(Records to process Opens)

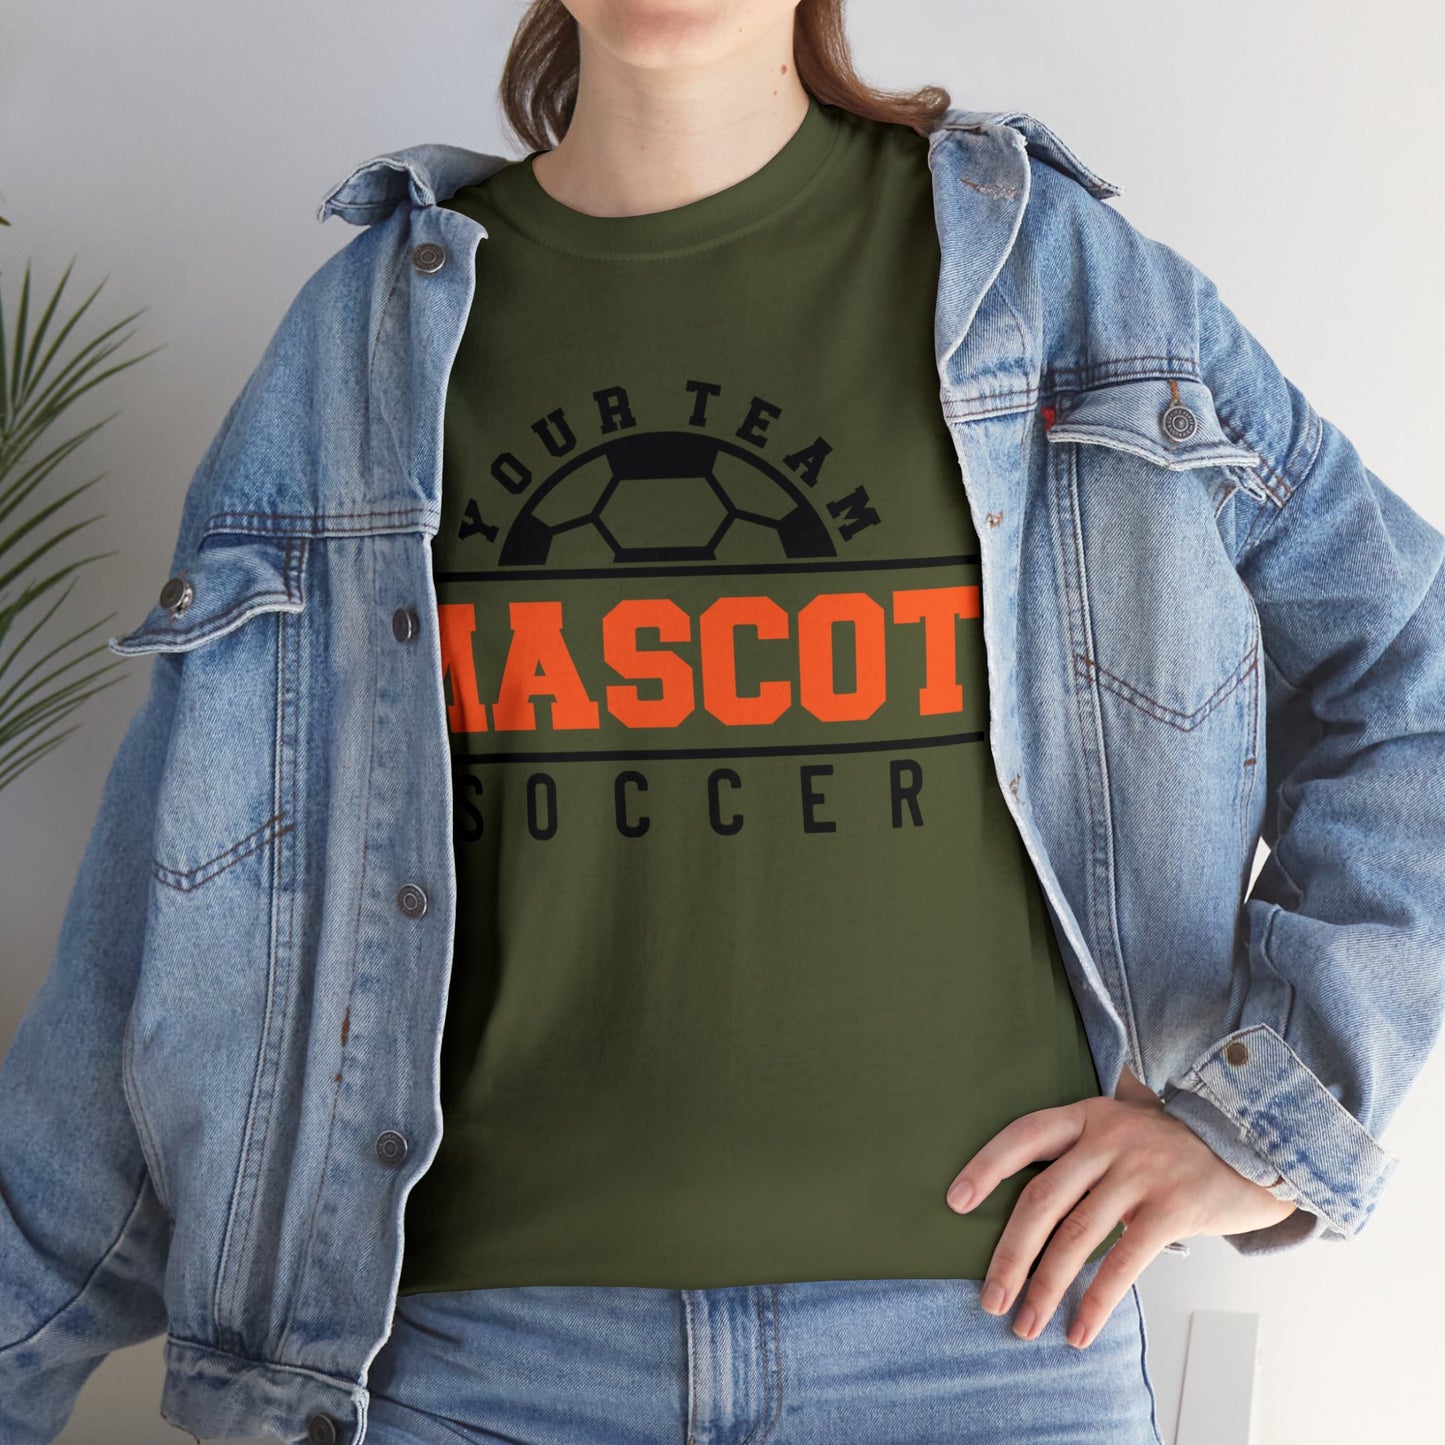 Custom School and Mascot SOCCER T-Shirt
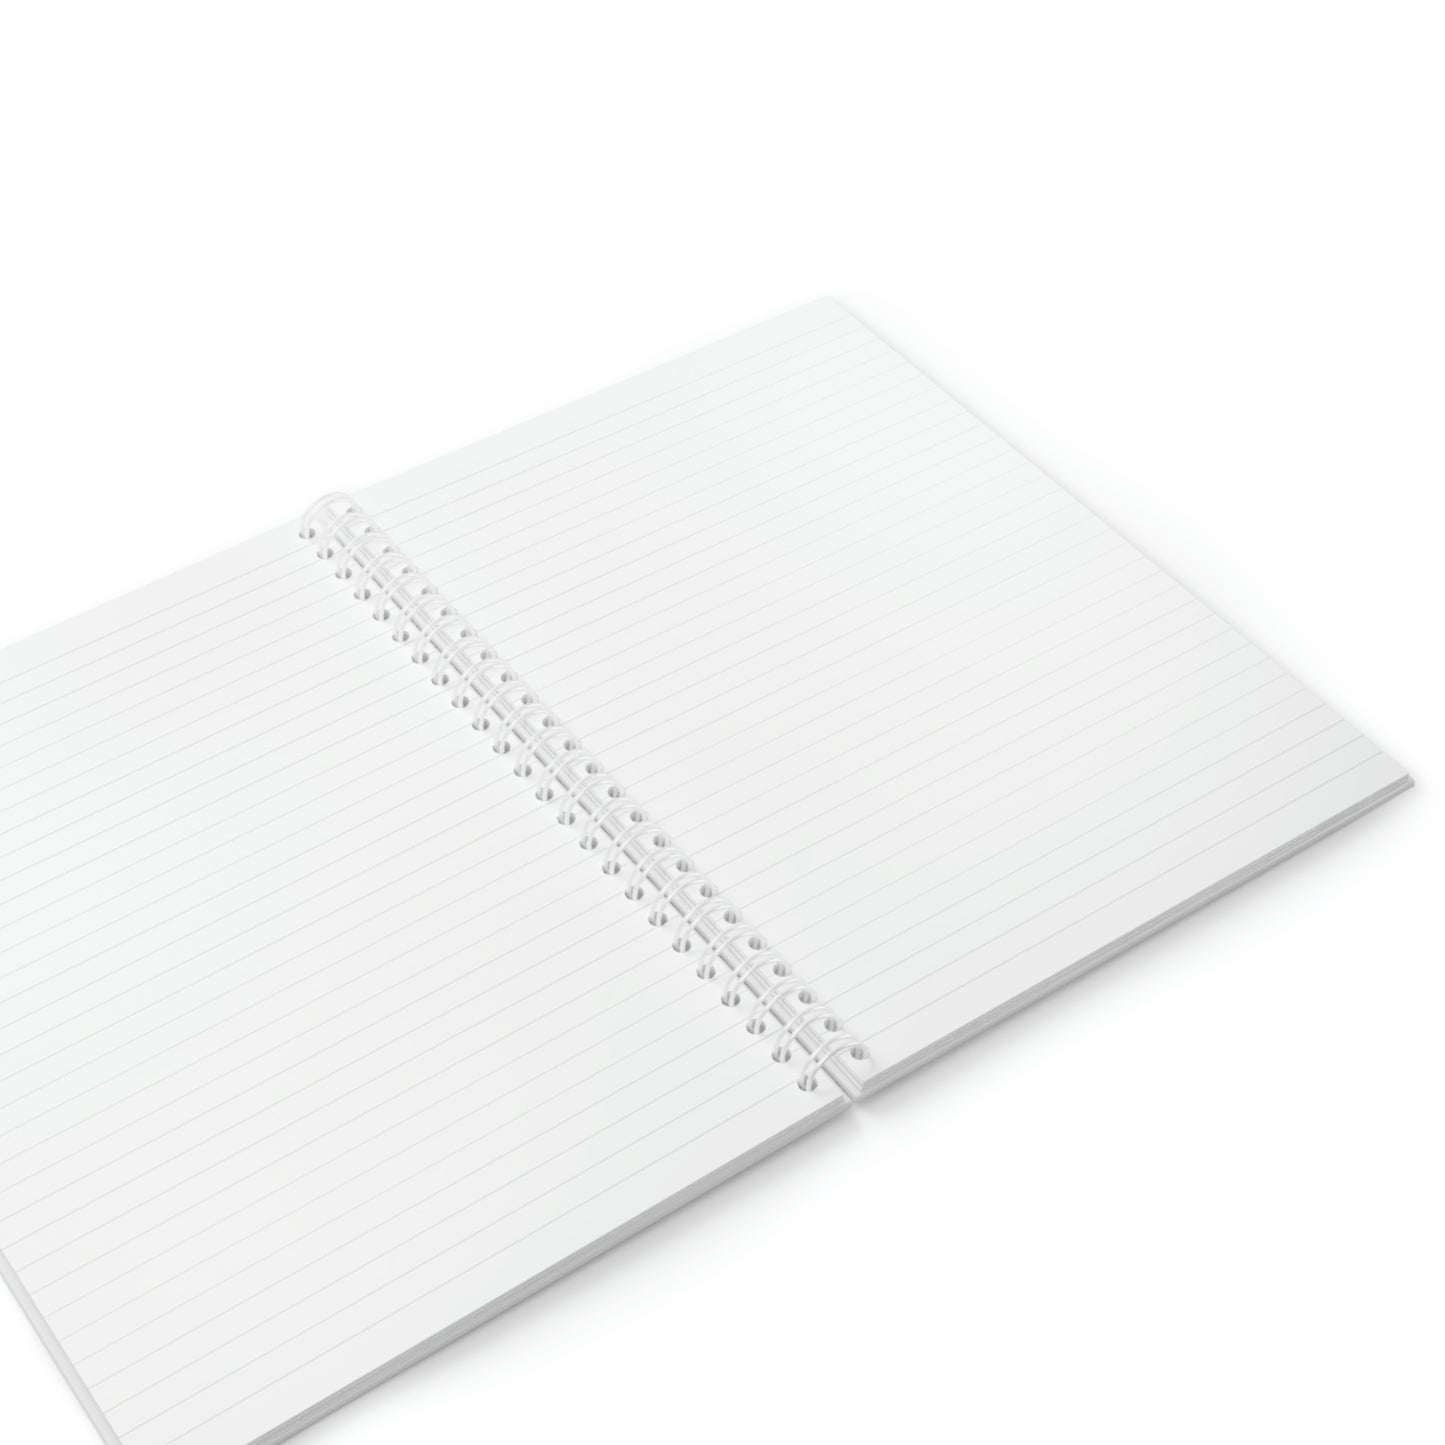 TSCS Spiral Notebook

(Records to process Closes)
(Records to process Opens)

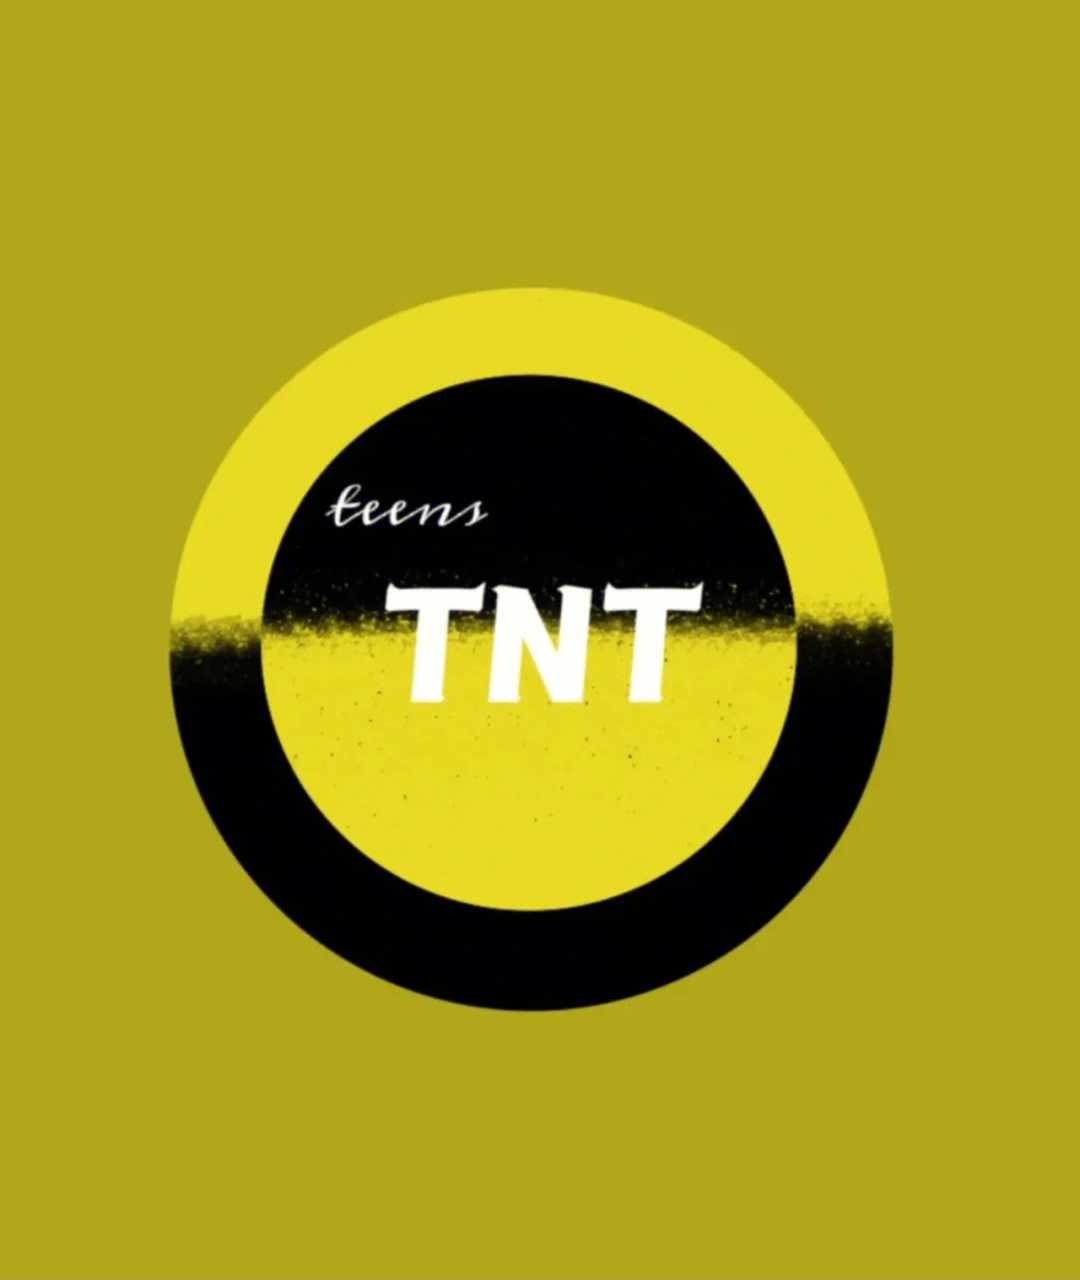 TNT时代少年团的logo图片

(Records to process Closes)

### Work task:
Word for word, write out the lines above running from the one with "Custom School and Mascot SOCCER T-Shirt" up to and including the one with "TSCS Spiral Notebook". Drop any picture.

### Written answer:
 Custom School and Mascot SOCCER T-Shirt
 TSCS Spiral Notebook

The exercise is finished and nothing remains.